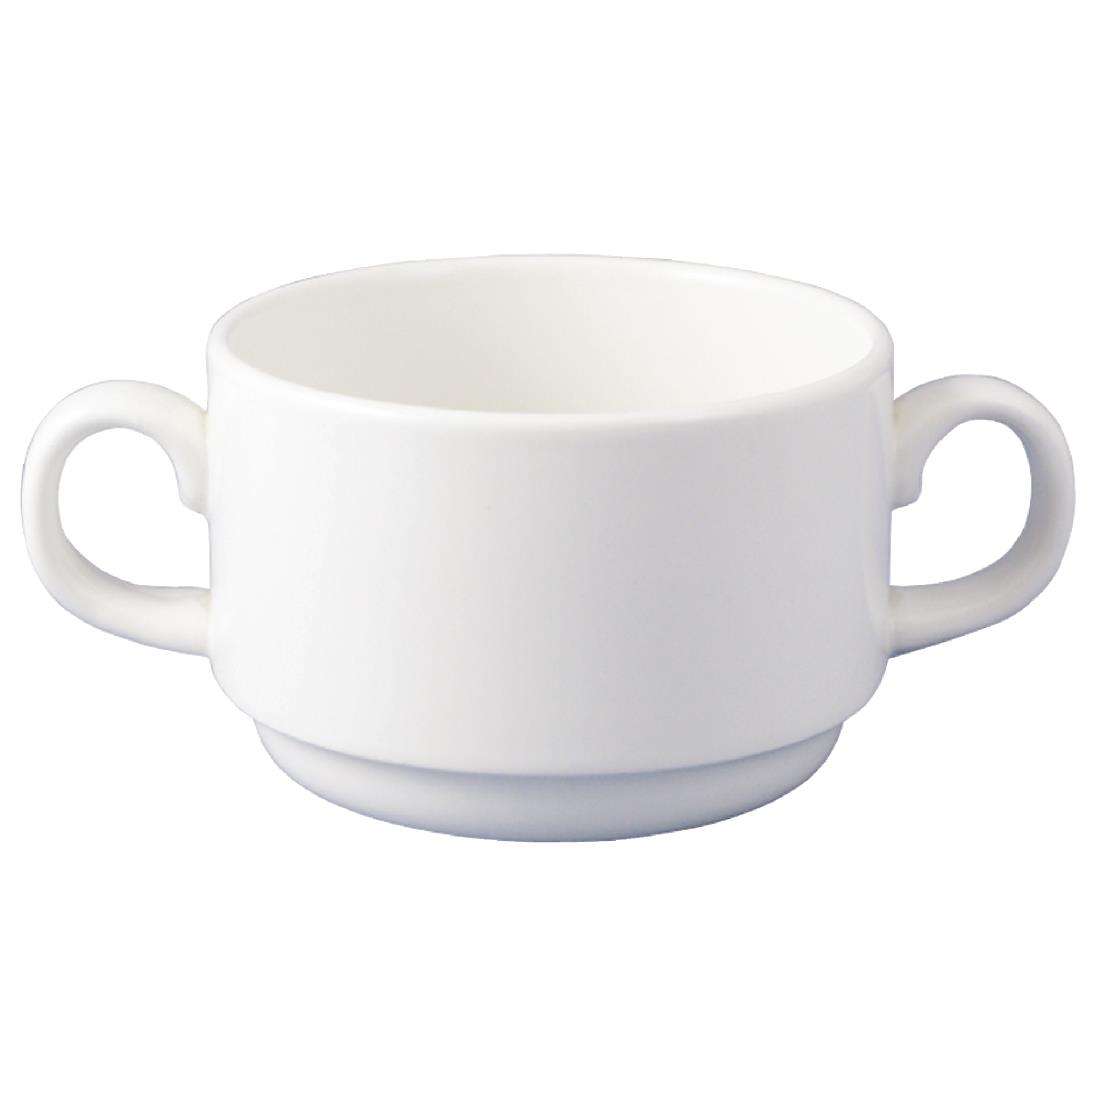 Dudson Classic White Soup Cups 310ml (Pack of 36)
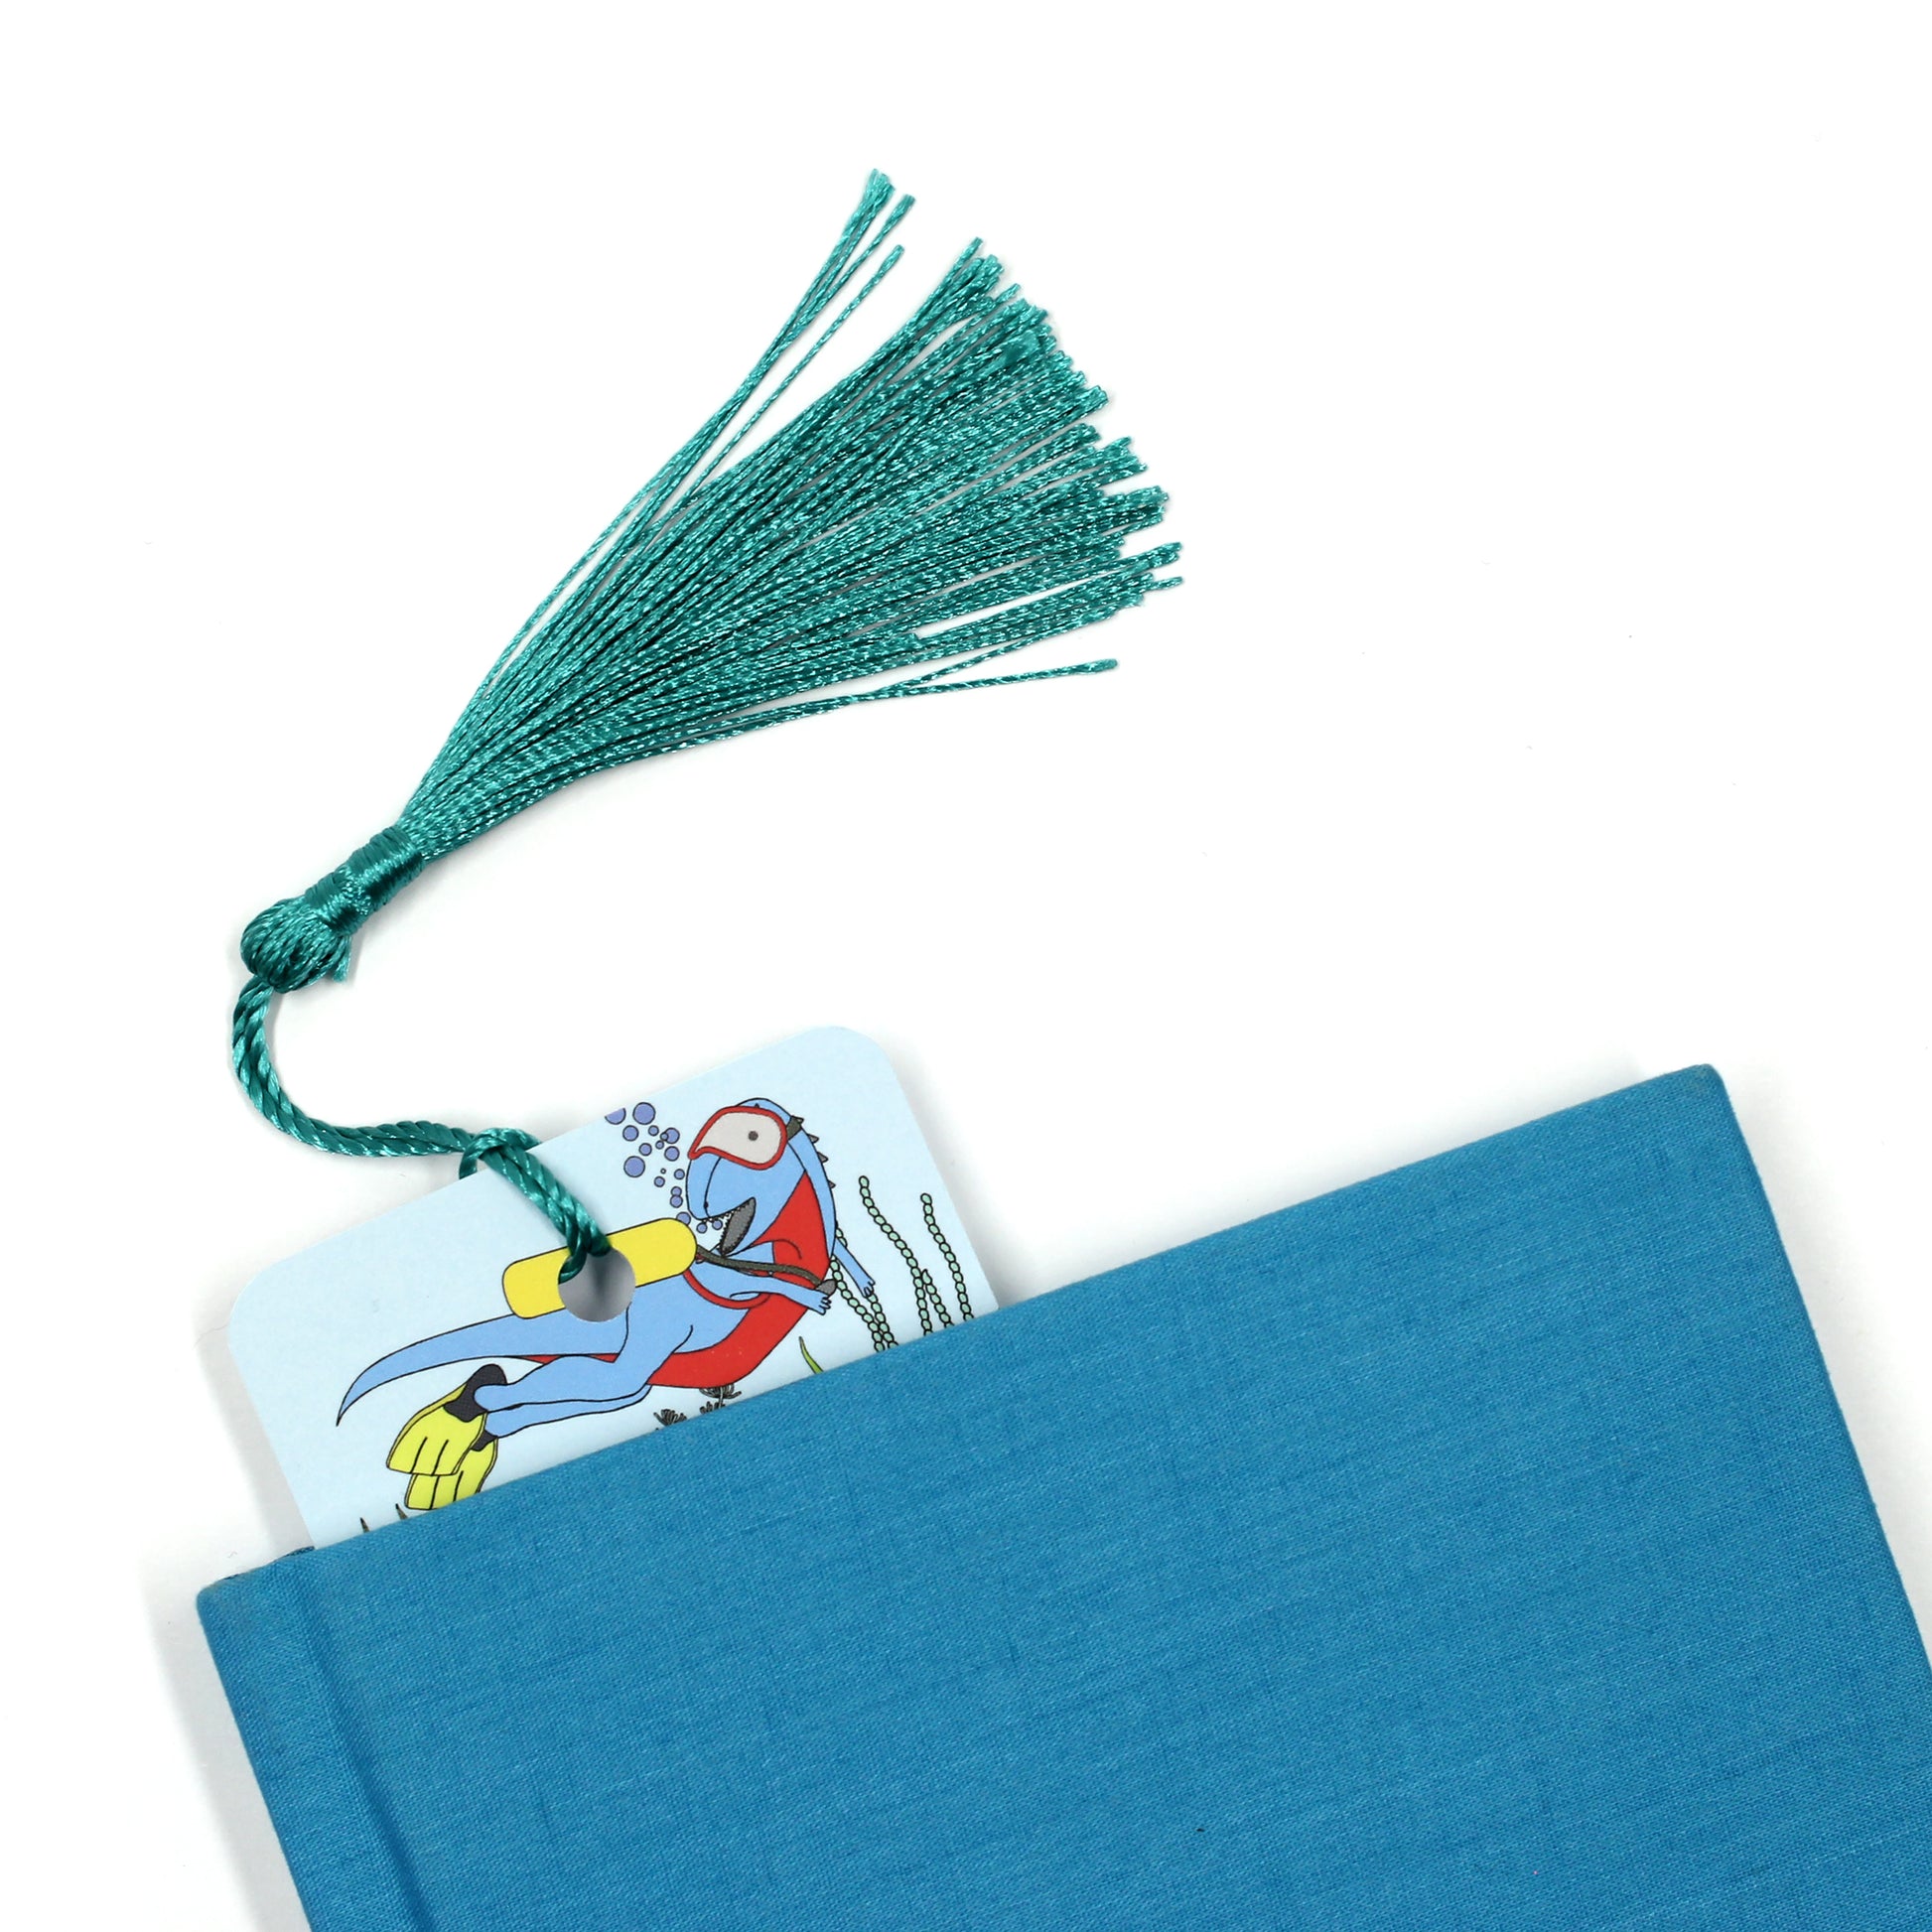 under the sea dinosaur bookmark with tassel coming out of blue book
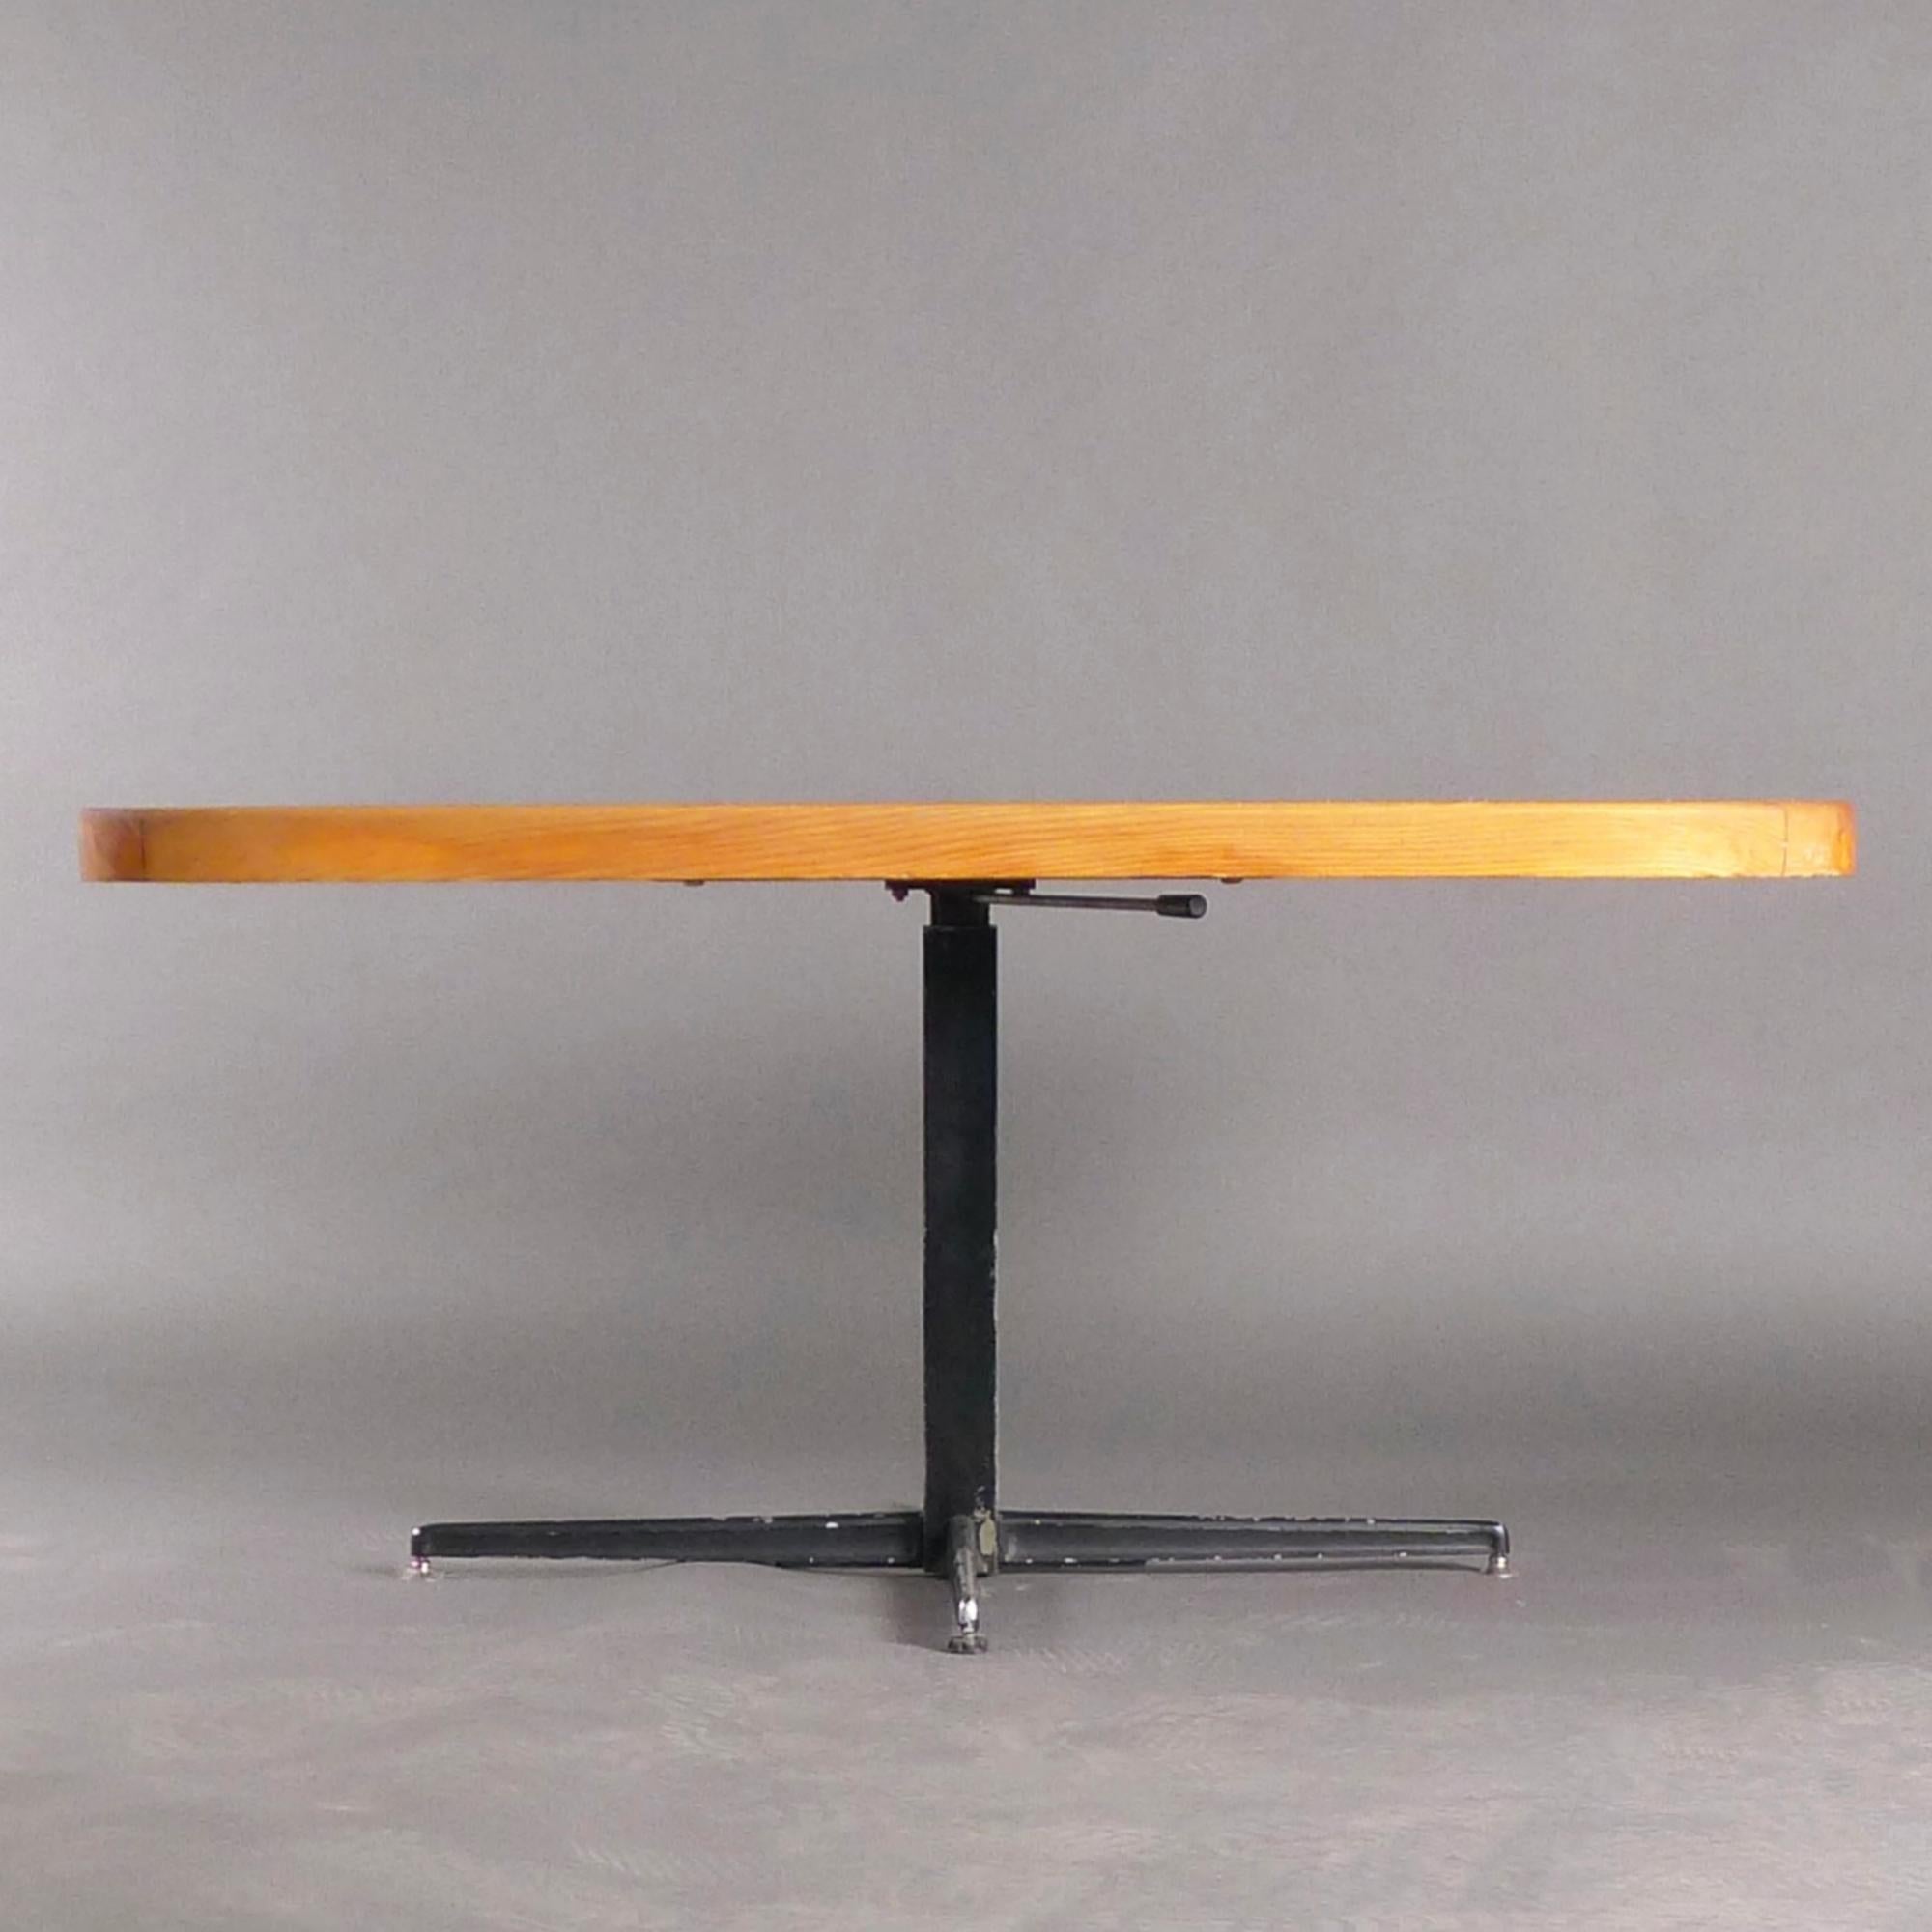 A rare adjustable dining / coffee table, designed by Charlotte Perriand for use in the series of ski resorts she worked on in Les Arcs, France, during the 1960s-70s.

The rounded corners of the planked pine top were designed to prevent injury in the

### YOUR ASSIGNMENT
Output the whole listing exactly. Pictures stay out.

### RESULT
 Dudson Classic White Soup Cups 310ml (Pack of 36)
 under the sea dinosaur bookmark with tassel coming out of blue book
 A rare adjustable dining / coffee table, designed by Charlotte Perriand for use in the series of ski resorts she worked on in Les Arcs, France, during the 1960s-70s.

The rounded corners of the planked pine top were designed to prevent injury in the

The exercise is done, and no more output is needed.